A tightrope walker who weighs 610 N walks along a steel cable. When he is halfway across, the cable makes an angle of 0.040 rad below the horizontal. (a) What is the strain in the cable? Assume the cable is horizontal with tension of 80 N before he steps onto it. Ignore the weight of the cable itself. (b) What is the tension in the cable when the tightrope walker is standing at the midpoint? (c) What is the cross-sectional area of the cable? (d) Has the cable been stretched beyond its elastic limit (2.5x108 Pa)?
For the change of length we need to find the difference in the length before the walker on the rope and after walker on the rope.
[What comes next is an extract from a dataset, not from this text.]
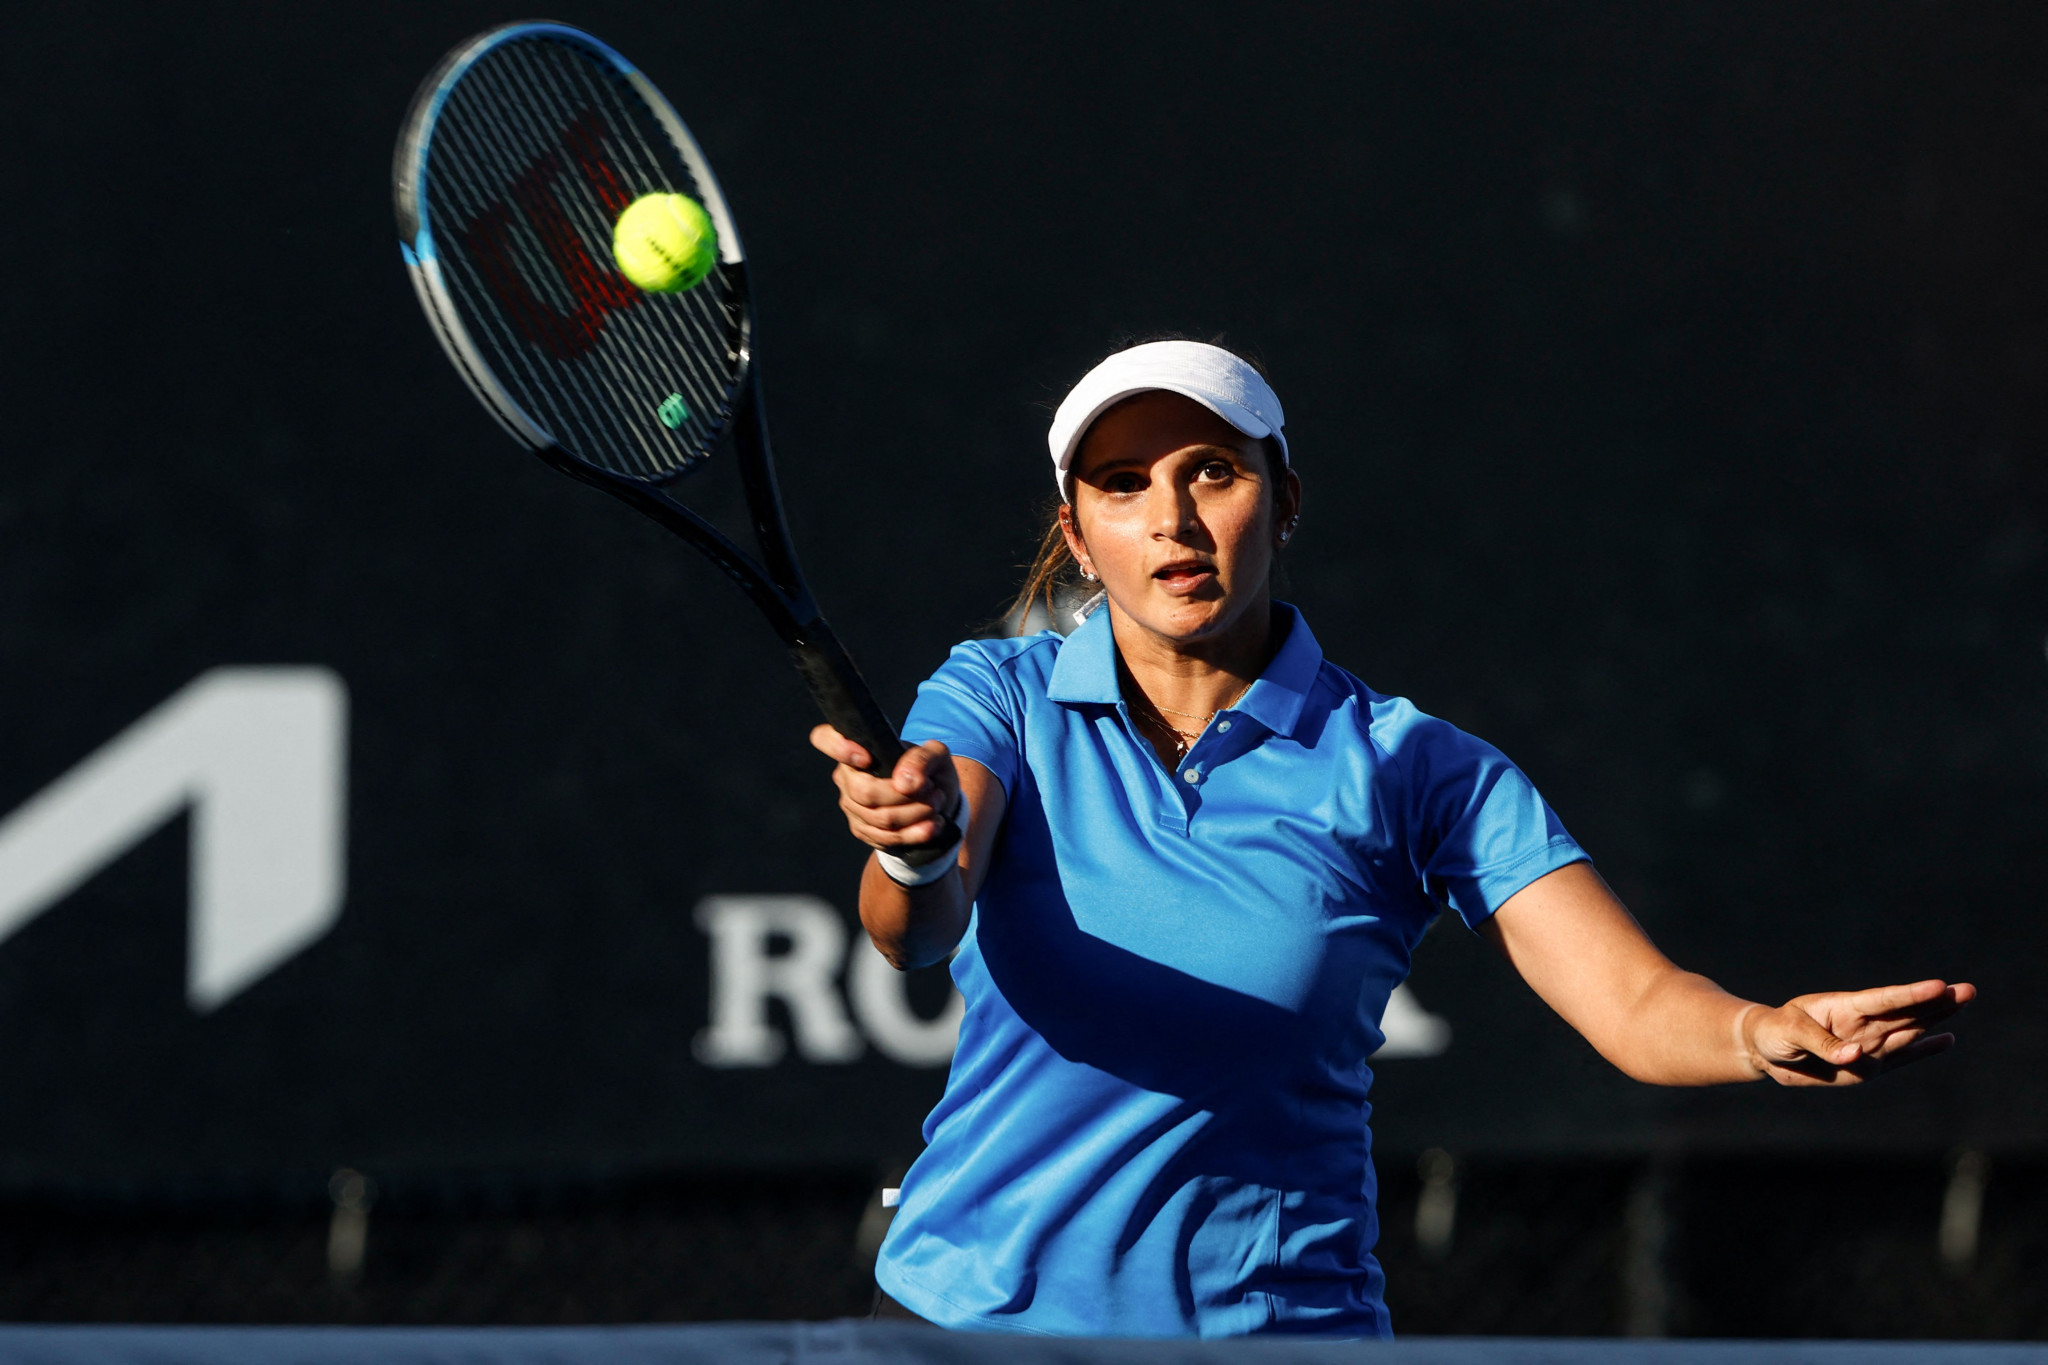 Sania Mirza of India is planning to retire after the WTA Dubai Duty Free Tennis Championships next month ©Getty Images

Initial length is L1 and if L2 is the length after the walker is on the rope then L1 = L2 cos 0.04 rad
The change in length is L2- L1 = L2 - L2 cos 0.04
Strain = change in length / initial length
= L2 - L2 cos 0.04 / L2 cos 0.04
= (1- cos 0.04)/ cos 0.04
= 8x10^-4
b)
Tension in the cable is
T = m g / 2 sin 0.04 = 610 / 2 sin 0.04
T = 7627 N
c) According to hooke law within elastic limit, stress is proportional to strain
F/ A = Y (strain)
A = F / Y (strain)
Y is not given in the question so googled it , 200x10^9
A = 610 / (200 x10^9)(8x10^-4)
A = 3.813x10^-6 m^2
d) Elastic limit
= T/A = 7627 /3.813x10^-6 m^2
= 2x10^9
This is greater than 2.5x10^8 Pa so the cable has stretched beyond.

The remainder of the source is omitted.